At oral argument in Hobby Lobby, Justice Kennedy posed an important rhetorical question concerning how separation-of-powers principles bear on the compelling-interest inquiry under RFRA:
What kind of constitutional structure do we have if the Congress can give an agency the power to grant or not grant a religious exemption based on what the agency determined?… But when we have a First Amendment issue of this consequence, shouldn’t we indicate that it’s for the Congress, not the agency to determine that this corporation gets the exemption on that one, and not even for RFRA purposes, for other purposes?
When Congress enacted Obamacare, it didn’t say a word about contraception. It merely said that non-grandfathered insurance plans should cover “preventive care and screenings not described in paragraph (1) as provided for in comprehensive guidelines supported by the Health Resources and Services Administration….” HRSA, a sub-agency of HHS, delegated this task to an outside body, the Institute of Medicine. The IOM issued a report recommending that the preventive services regulation include, among other things, all FDA-approved contraceptives, including those that can kill an embryo. This occurred outside the rigors of notice-and-comment rulemaking and was guided by a select group of “experts” that included many voices from the pro-abortion lobby.
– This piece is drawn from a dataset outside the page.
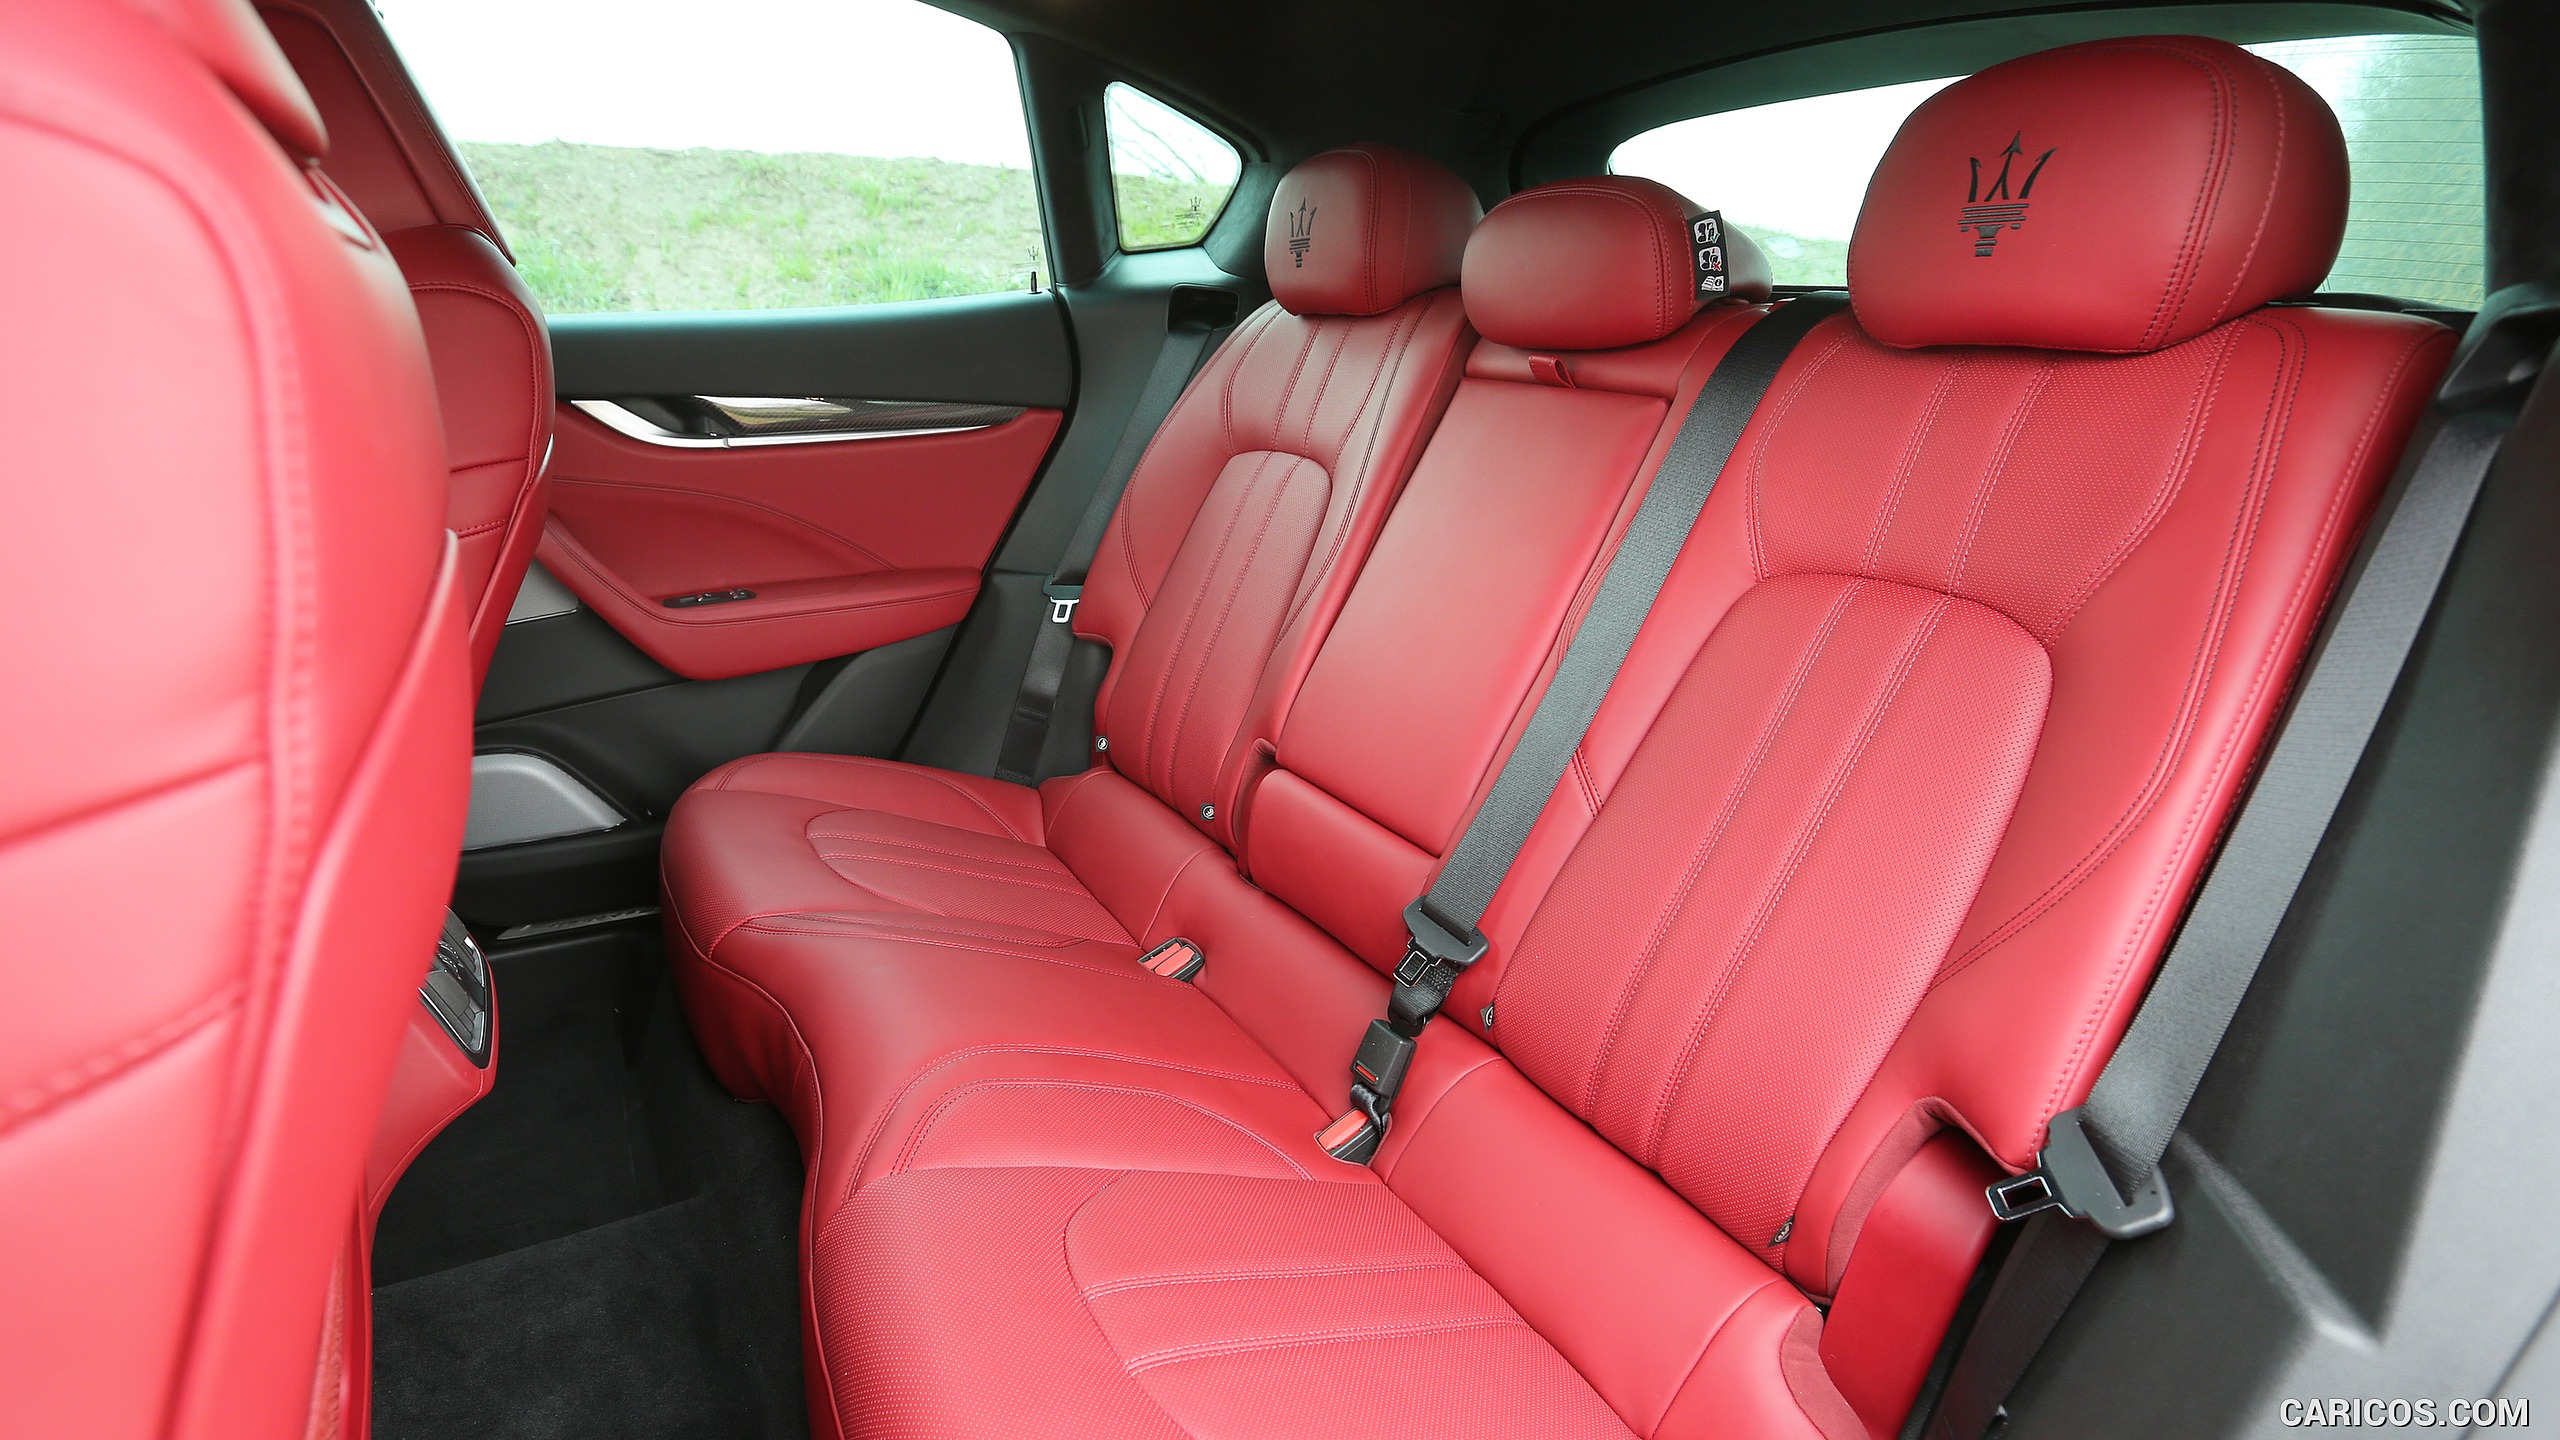 2017 Maserati Levante SUV - Interior, Rear Seats, #100 of 119

IOM released its report in July 2011, well after many employers, including Hobby Lobby and Conestoga, had already given up their grandfathered health plans.
Within days of the IOM report, HHS issued an interim final rule mandating insurance coverage for all the items recommended in the report. Only after the interim rule was issued did HHS choose to begin the process of notice-and-comment rulemaking.
HHS provided a narrow exemption for houses of worship. In response to an intense political outcry, it initiated another rulemaking that offered an “accommodation” for religious non-profits. That rulemaking was accompanied by a series of shifting “safe harbor” provisions and multiple delays, a familiar refrain for those of us watching the incompetent Obamacare rollout. Several senators chronicled this pattern of executive lawlessness in an amicus brief.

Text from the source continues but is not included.